To do → Every line below from the one containing "Situazione satellite sul Golfo del Messico" through the one containing "שוקולד ראגוסה חלב" is to be printed exactly, with the pictures omitted.

Material for this task section start

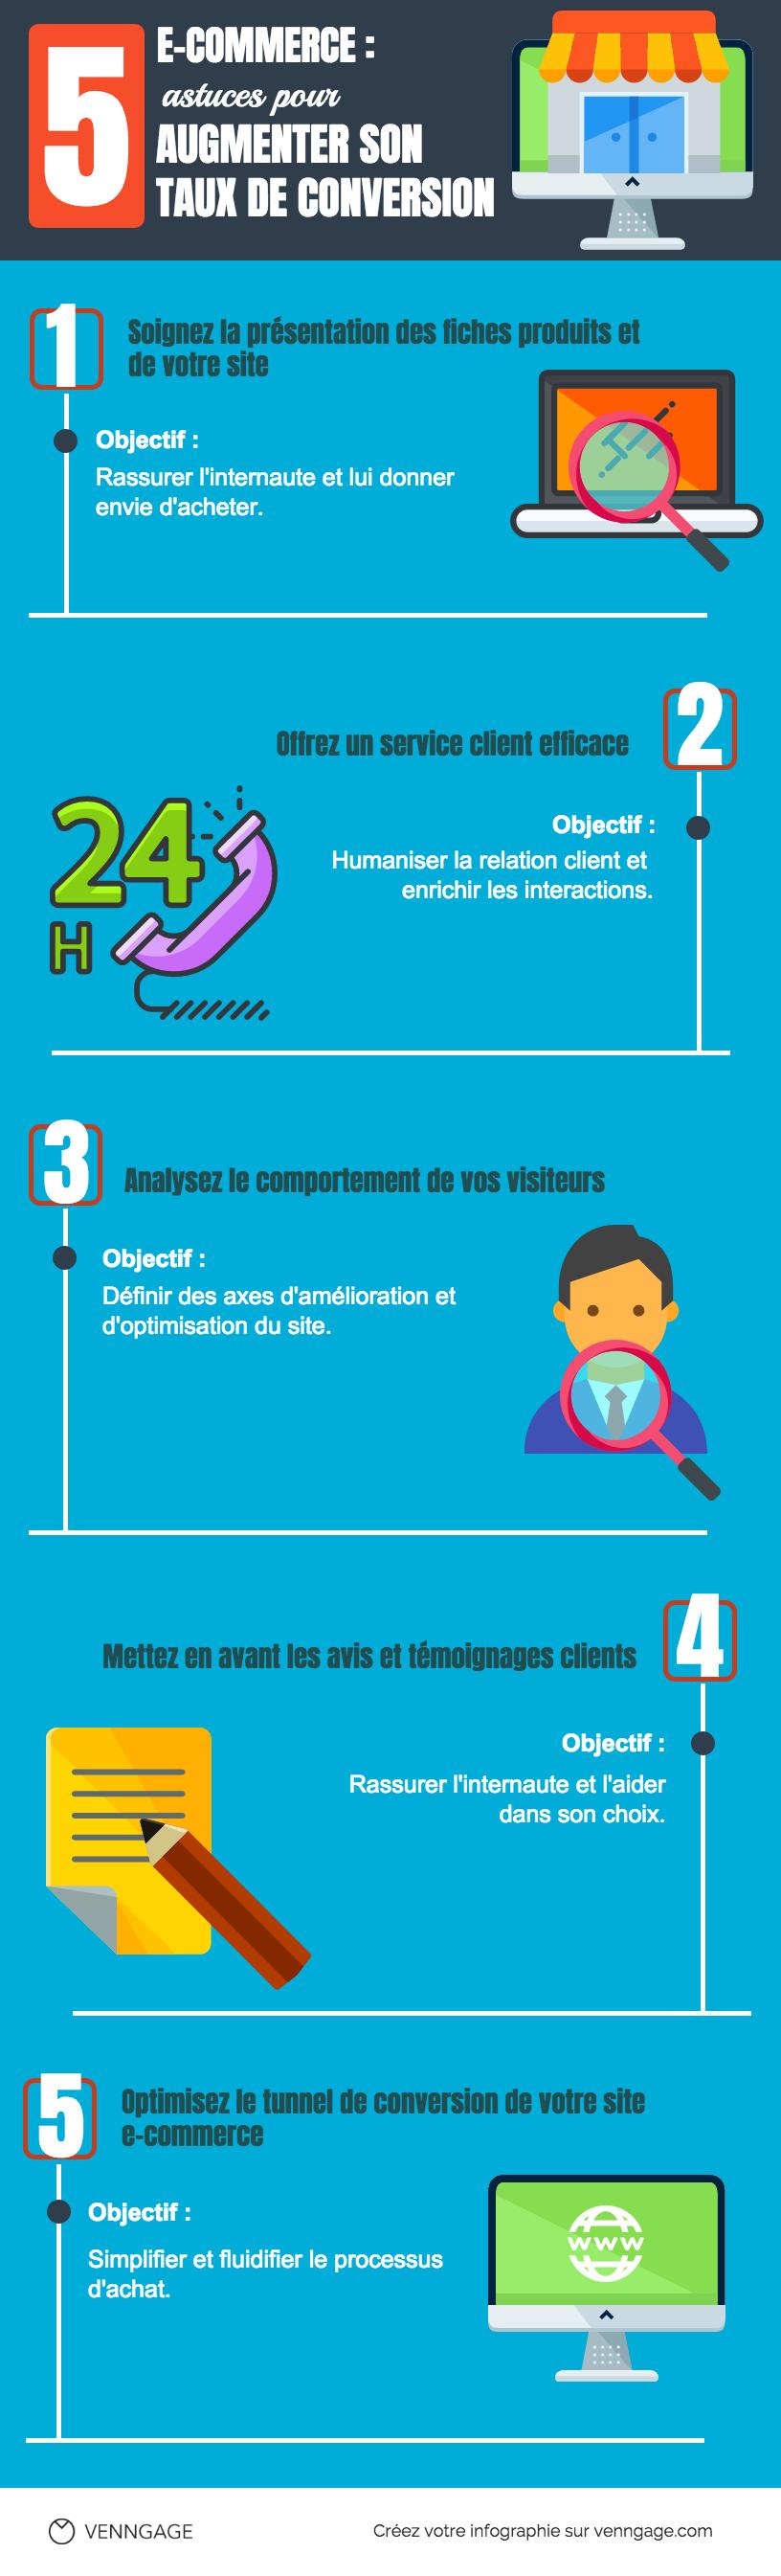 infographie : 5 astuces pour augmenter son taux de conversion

Material for this task section end
Material for this task section start

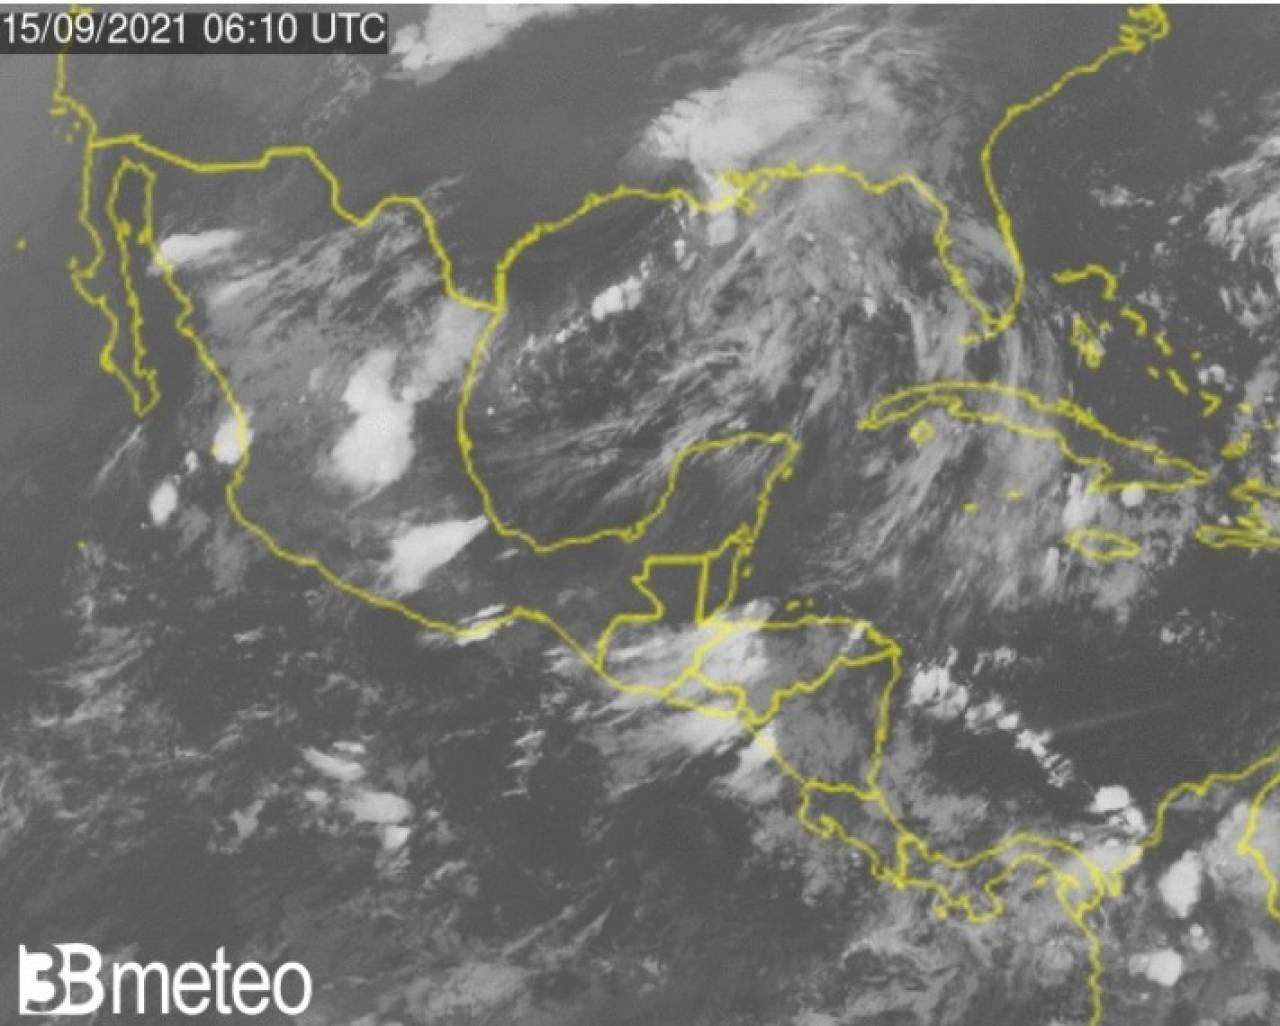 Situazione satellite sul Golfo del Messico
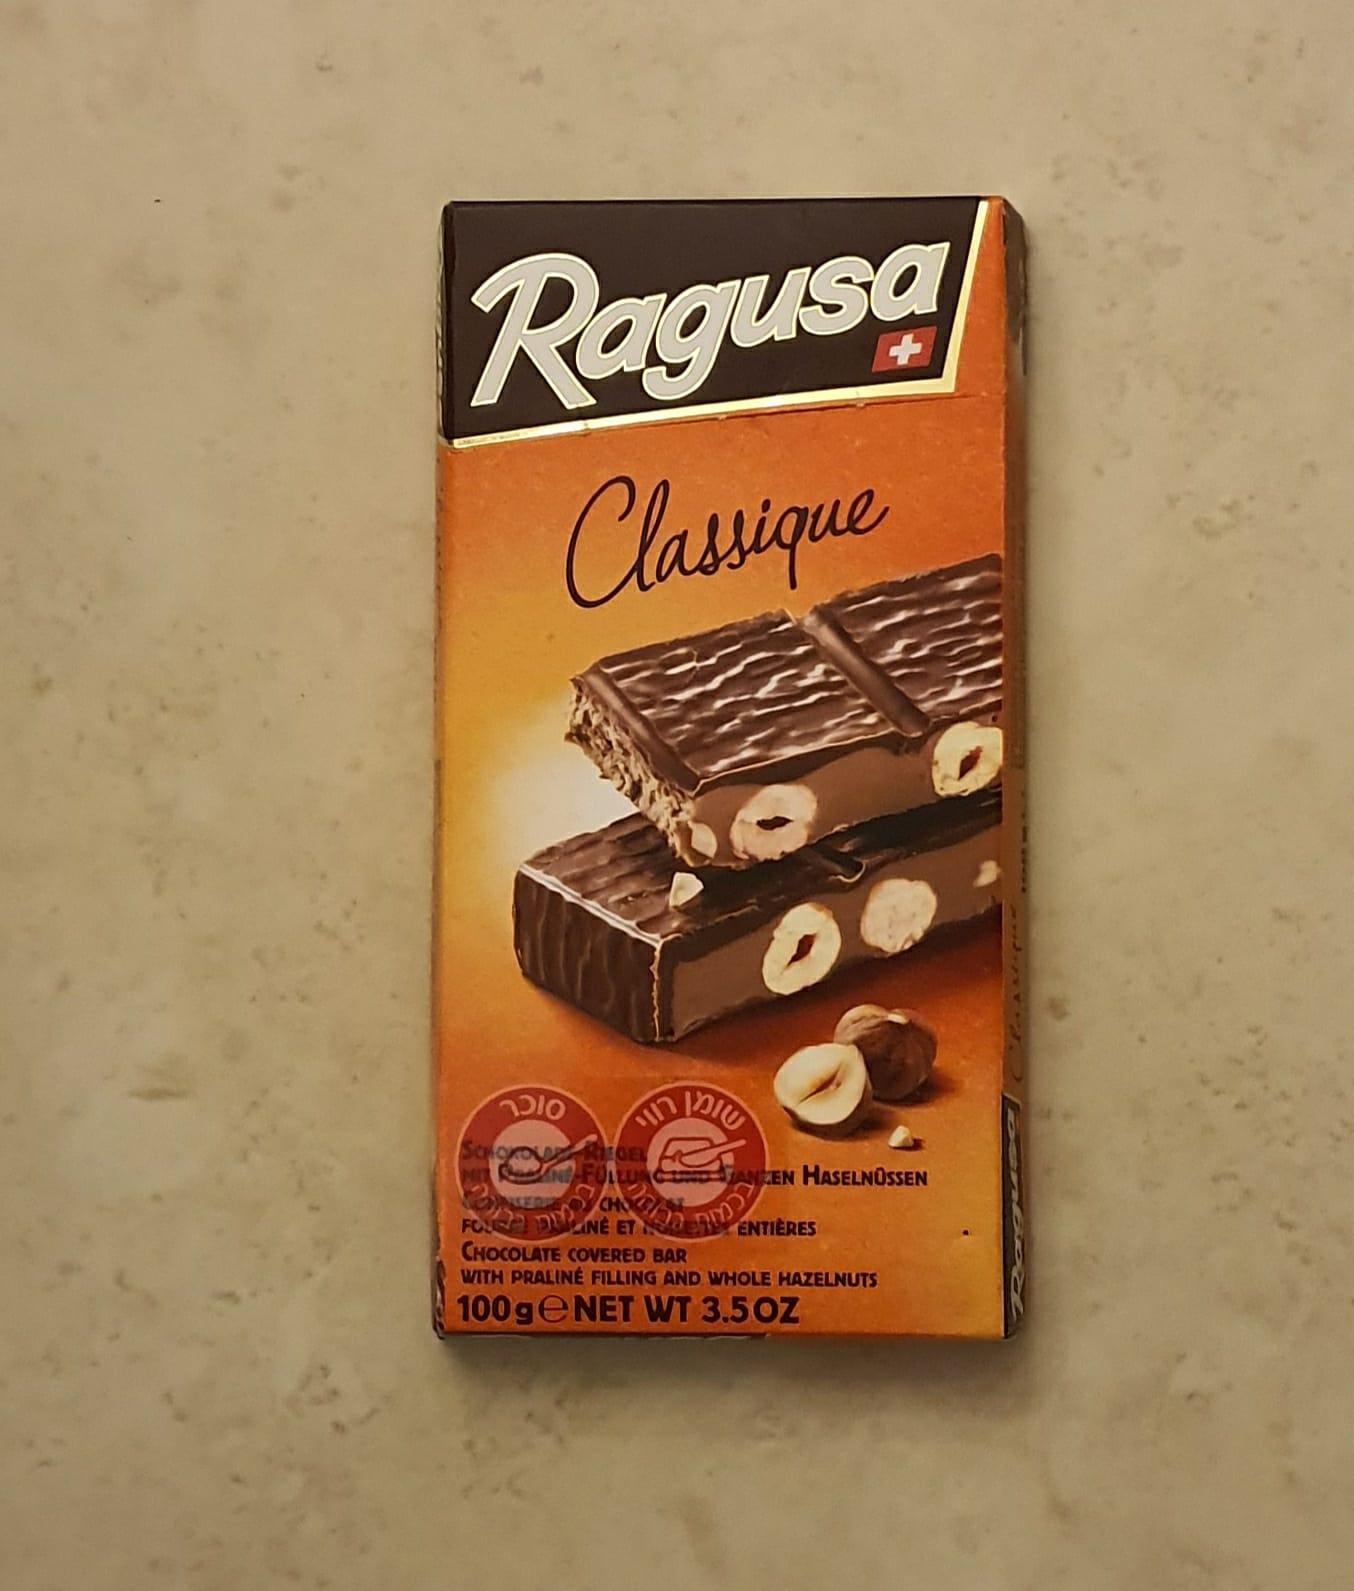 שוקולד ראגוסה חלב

Material for this task section end
Material for this task section start

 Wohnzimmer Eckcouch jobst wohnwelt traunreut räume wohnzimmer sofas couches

Material for this task section end

Response box →
 Situazione satellite sul Golfo del Messico
 שוקולד ראגוסה חלב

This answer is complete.